Several universities have outlined their plans to deliver lectures online for the whole of next academic year (for example, Cambridge and Manchester). These big plans are certainly not business as usual – so we should not expect institutions to be teaching as usual either. Taking lectures online does not have to mean traditional delivery with one speaker to a large (albeit electronic) room. Many platforms for online lecturing, for example Zoom, have the capacity for online ‘breakout’ rooms, where small groups can discuss content before returning to the lecture as a whole. Used effectively, with GTAs supervising the discussion in each breakout room, these could strengthen students’ experience of being a cohort and help them to engage with both the course content and their peers, something that will be more challenging at home than it may have been on campus.

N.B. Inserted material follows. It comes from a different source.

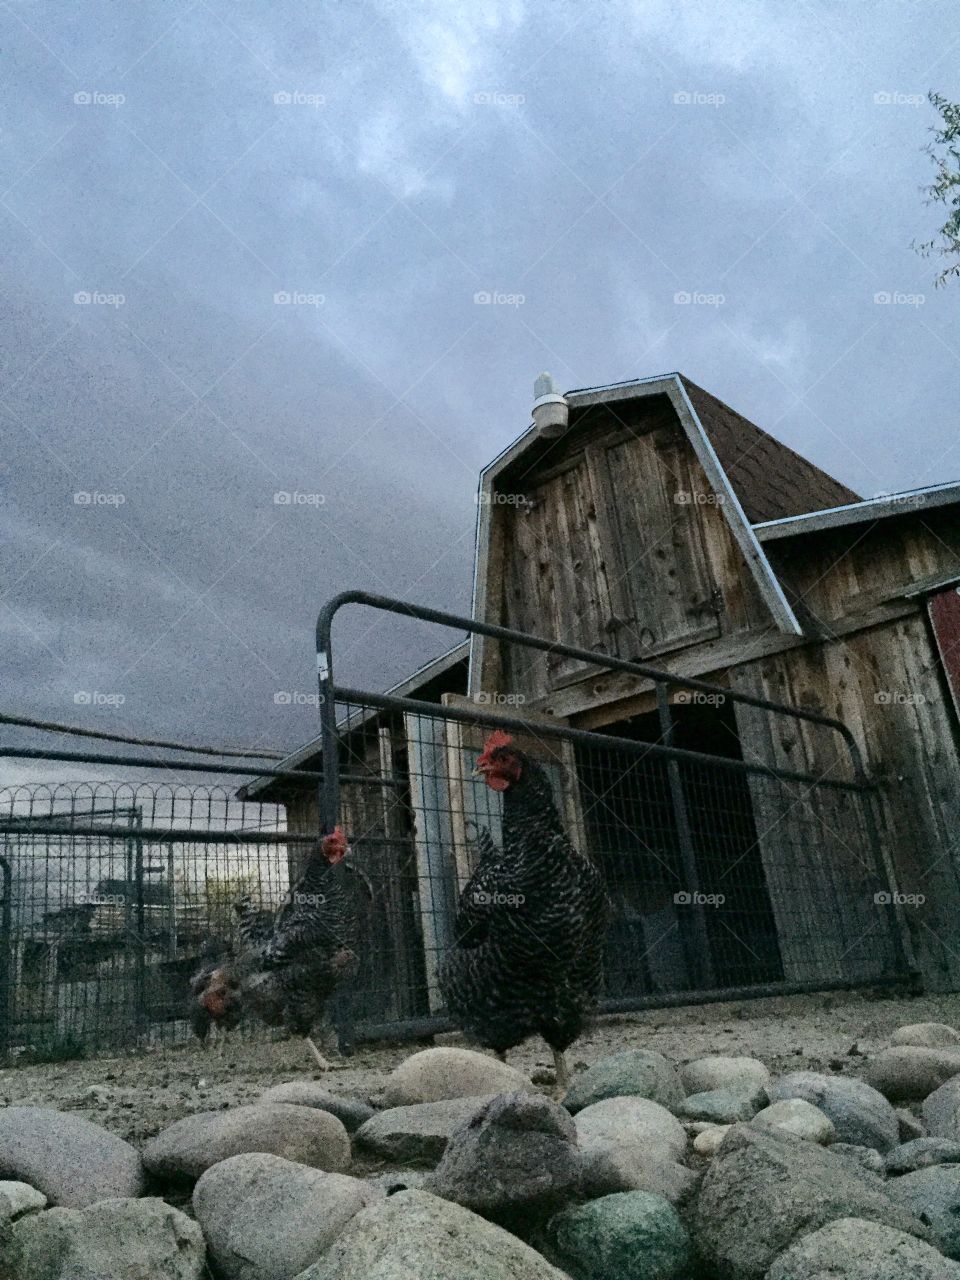 The Sky is Falling. Storm clouds build over a barn in rural Wyoming as chickens keep watch

Institutions may prefer a less rigid approach to live participation, allowing students in different time zones the same access to material. This does not mean that ambitions should be limited, however, as GTAs could be used to provide small-group learning sessions at different times, complementing the lecture experience and providing flexibility for all.

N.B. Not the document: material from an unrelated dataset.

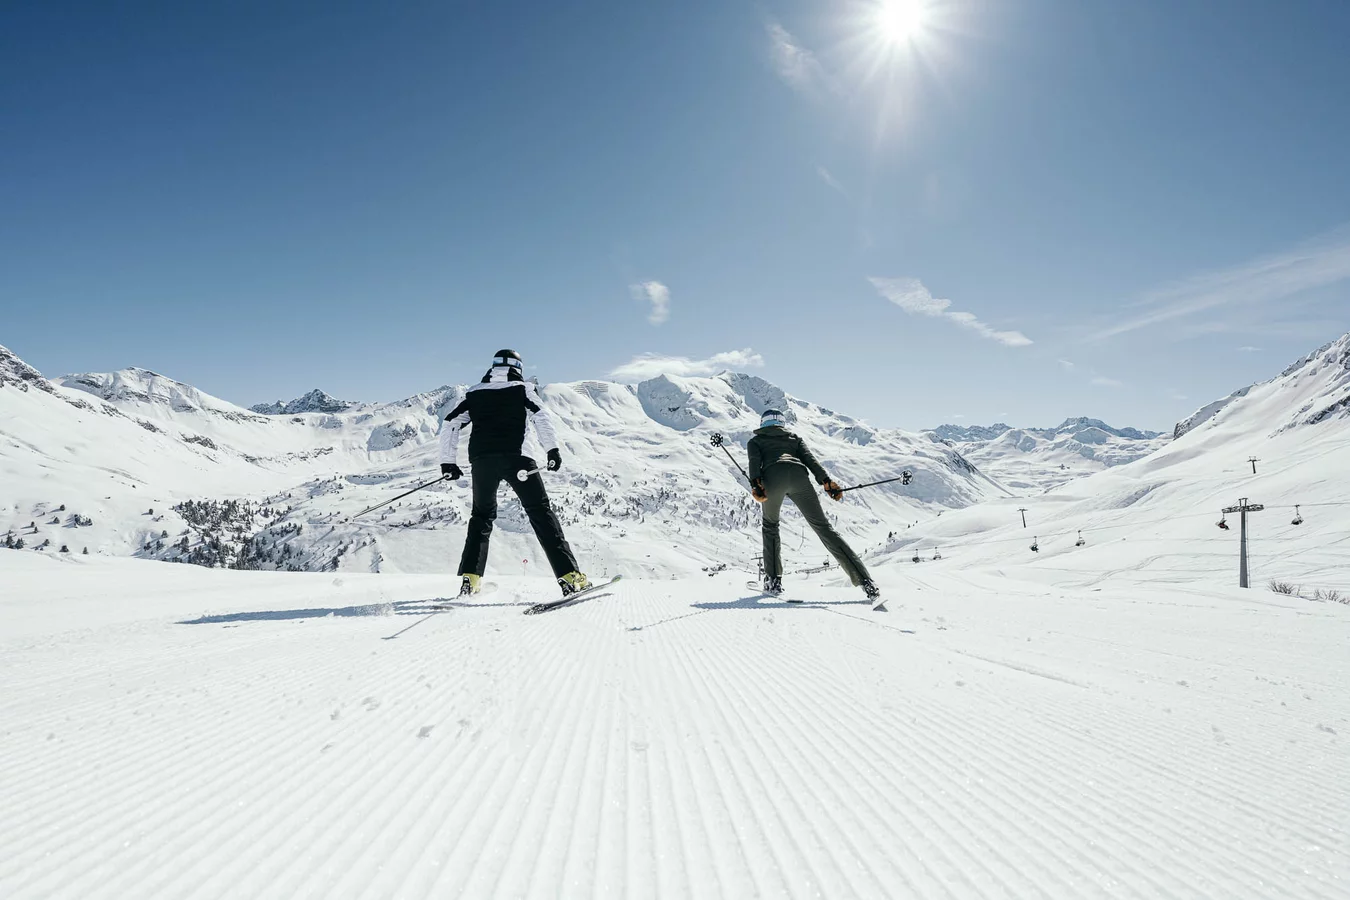 Ski Season Is Back! Here's Where to Stay and Play in the Alps This

In fact, while the transition to online leaning is a challenge, it is also, in that old cliché, an opportunity too. It is time to redesign courses for the new generation of tech-savvy students. Creating new material fit for a digital age is going to take time and resources. With staff already under immense amounts of pressure, why not look to GTAs to help?

One of the main sources underpinning financial pressures in the sector during this pandemic is the loss of international tuition fees, which cross-subsidise other university activity. What better way to attract international students back than by becoming the most innovative, tech-enabled higher education sector in the world? Not only would this assist teaching and learning during Covid-19, but it would leave a legacy of strong international recruitment, underpinned by the hard work of GTAs. It would also massively outweigh any financial costs of keeping GTAs employed. For example, a GTA earning £15 an hour for 7 hours a week during term-time may cost a university around £3,800 a year based on 36 weeks of teaching. International fees regularly exceed £10,000 per student.

We do not just have to think big, however, to realise the benefits of turning to GTAs for help – significant impacts can be seen closer to home. For example, the difficulties faced by disadvantaged students during the pandemic such as care leavers and estranged students is well known. These students will continue to find access to higher education difficult if social distancing remains in place next academic year. To better support them into the sector, institutions could engage GTAs as mentors for disadvantaged students, providing them with the extra support and contact they may need to make their transition to higher education a successful one.

GTAs are an important resource for institutions to consider if they want to make the best out of the transition to online learning. If the contribution of, and skills gained by, GTAs are properly valued and invested in during this period of change, then institutions may not only see benefits for undergraduates. They may be able to forge stronger links with their PhD communities, which would be a positive experience for not only education culture but research culture too.